A majorante prevista no art. 327, § 2º, do Código Penal, que aumenta a pena em um terço quando os autores dos crimes contra a Administração Pública forem ocupantes de cargos em comissão ou de função de direção ou assessoramento, também se aplica aos agentes políticos, conforme entendimento do STF e do STJ. A prática de crime contra a Administração Pública por ocupantes de cargos de elevada responsabilidade ou por membros de poder justifica a majoração da pena-base, pois há maior reprovabilidade da conduta.

Alternativa B — ✅ Correta

O peculato-desvio, previsto no art. 312, caput, do Código Penal, é crime formal, ou seja, consuma-se com o desvio do dinheiro, valor ou bem móvel, independentemente da obtenção da vantagem indevida pelo agente. O STJ entende que a consumação ocorre no momento em que o funcionário efetivamente desvia o bem, ainda que não obtenha a vantagem almejada.

Alternativa C — ✅ Correta

O STJ possui entendimento consolidado no sentido de que é desnecessária a constituição definitiva do crédito tributário na esfera administrativa para a configuração dos crimes de contrabando e de descaminho. Isso porque o bem jurídico tutelado é a Administração Pública, e não o crédito tributário em si, sendo suficiente a demonstração da conduta típica.

Alternativa D — ✅ Correta

O crime de descaminho é formal, consumando-se com a conduta de iludir o pagamento de tributo devido. O pagamento ou parcelamento dos débitos tributários não extingue a punibilidade, pois a natureza formal do delito não admite a aplicação do art. 9º, § 2º, da Lei 10.684/2003, que trata da extinção da punibilidade nos crimes tributários materiais.

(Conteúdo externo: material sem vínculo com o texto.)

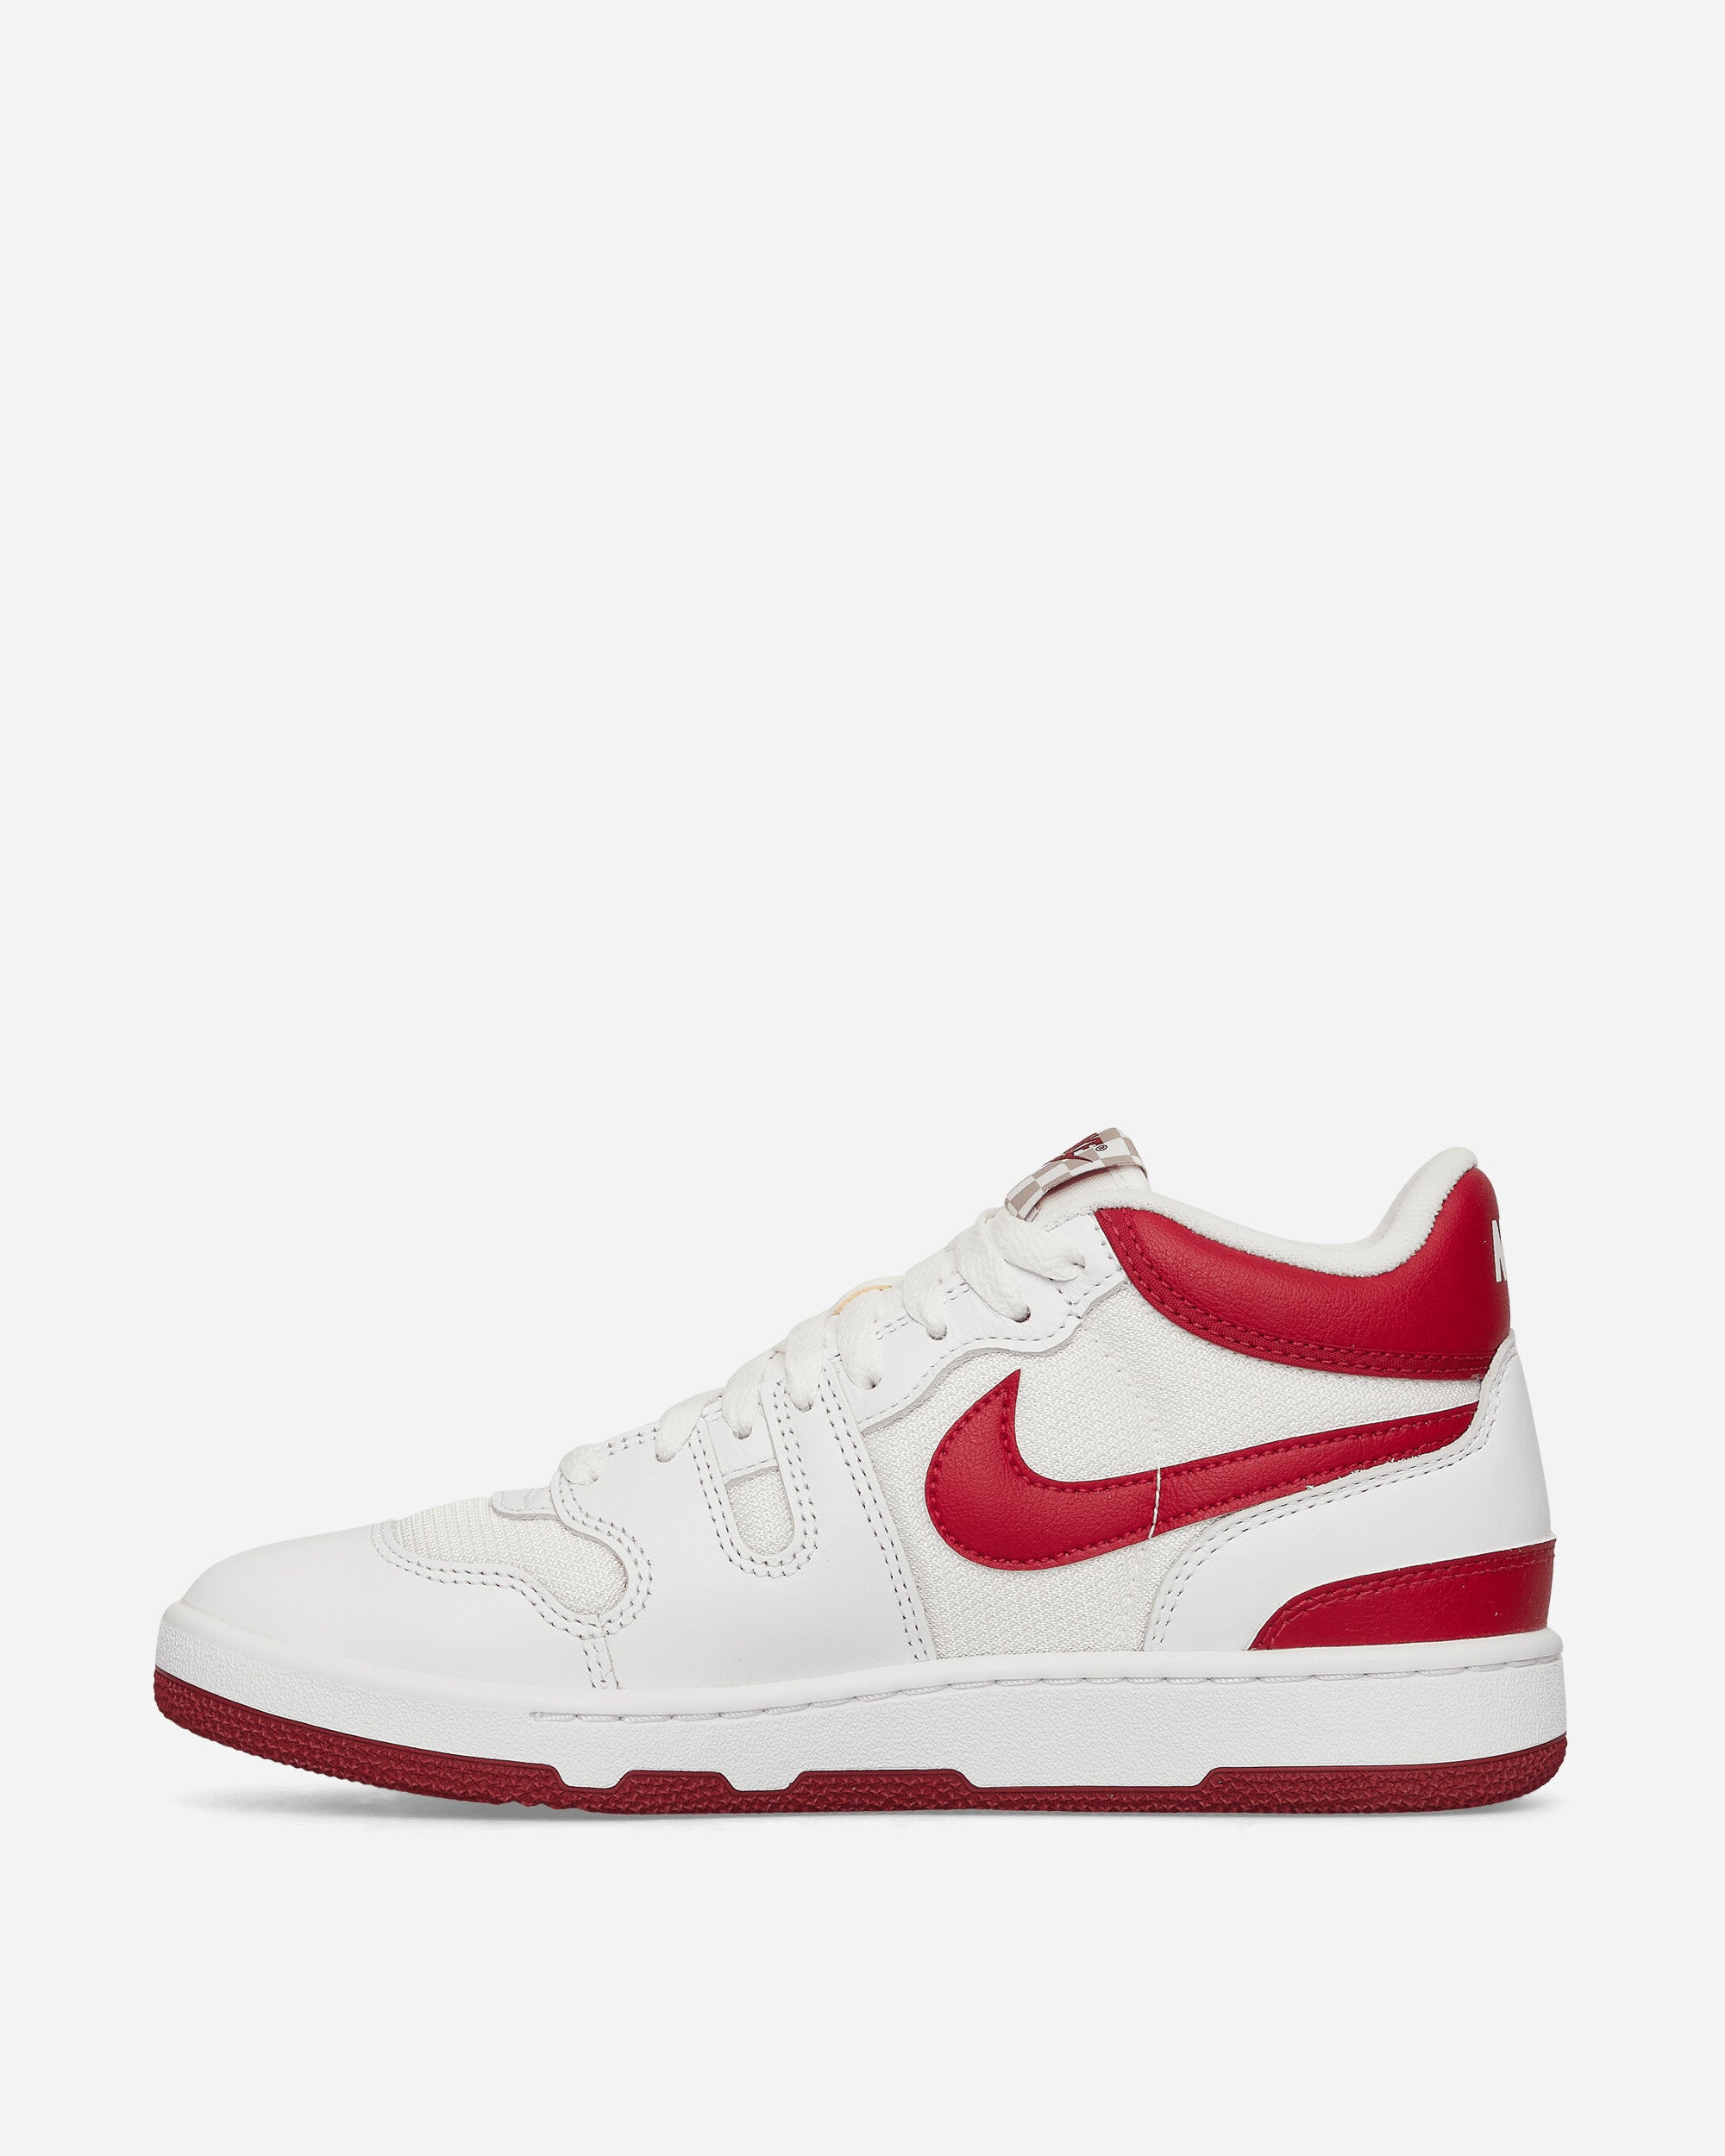 Nike Nike Attack Qs Sp White/Red Crush/White Sneakers High FB8938-100

Alternativa E — ❌ Incorreta ⟵ GABARITO

A alternativa E afirma que há bilateralidade entre os crimes de corrupção passiva e ativa, no sentido de que a comprovação de um pressupõe a do outro. Essa afirmação está INCORRETA, pois o STJ entende que os crimes de corrupção passiva (art. 317 do CP) e corrupção ativa (art. 333 do CP) são autônomos e independentes. A comprovação de um não pressupõe a do outro, sendo possível a configuração de um deles sem a do outro. A bilateralidade é uma característica natural desses crimes, mas não é requisito para a tipificação de qualquer deles.

NÃO CAIA NESSA!

A banca explora a confusão entre a natureza bilateral dos crimes de corrupção (que, em regra, pressupõem a participação de duas pessoas) e a autonomia das condutas para fins de tipificação. O candidato pode ser levado a crer que a comprovação de um crime depende da comprovação do outro, mas o STJ entende que são delitos autônomos e independentes. Fique atento: a bilateralidade é uma característica natural, não um requisito legal.

Gabarito: letra E — a alternativa incorreta, pois a comprovação de um crime de corrupção não pressupõe a do outro.